*** Opening ENTRIES SHOWN ***

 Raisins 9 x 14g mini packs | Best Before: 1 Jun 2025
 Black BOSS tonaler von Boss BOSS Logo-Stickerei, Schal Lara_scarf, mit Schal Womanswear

*** Closing ENTRIES SHOWN ***
*** Opening ENTRIES SHOWN ***

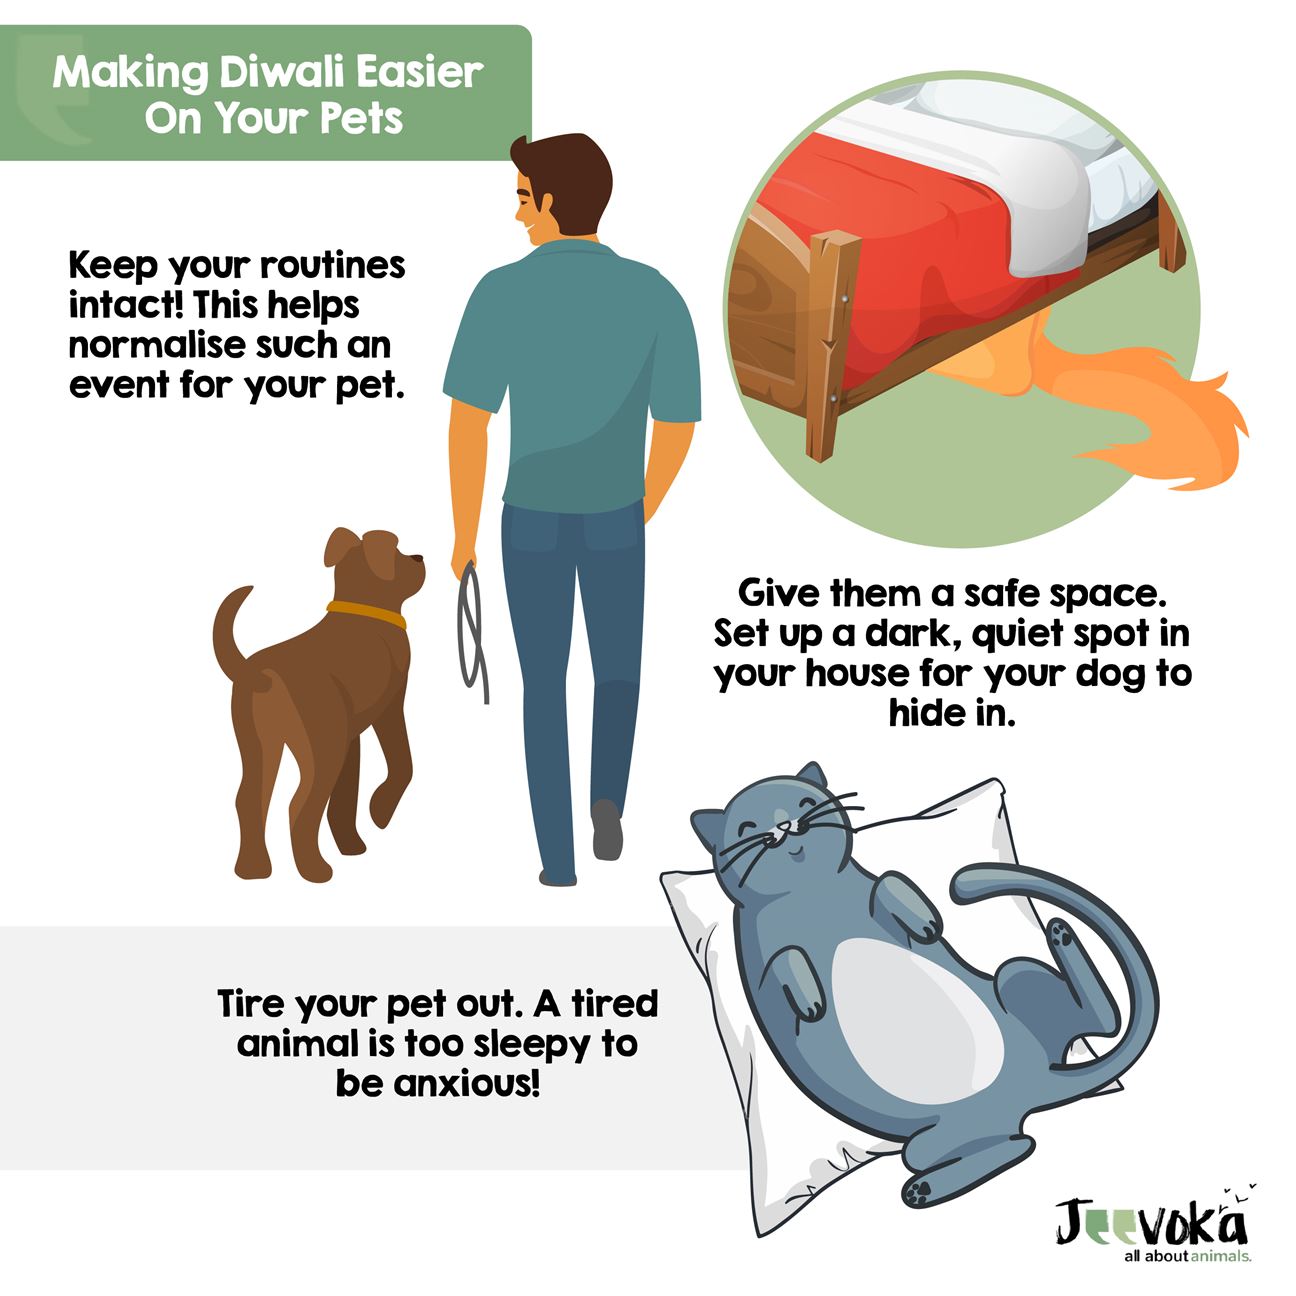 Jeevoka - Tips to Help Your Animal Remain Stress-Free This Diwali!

*** Closing ENTRIES SHOWN ***

WHAT YOU HAVE TO DO:
Print exactly the lines of the listing above starting at the line containing "Raisins 9 x" and ending at the line containing "Black BOSS tonaler", both included.

TASK ANSWER:
 Raisins 9 x 14g mini packs | Best Before: 1 Jun 2025
 Black BOSS tonaler von Boss BOSS Logo-Stickerei, Schal Lara_scarf, mit Schal Womanswear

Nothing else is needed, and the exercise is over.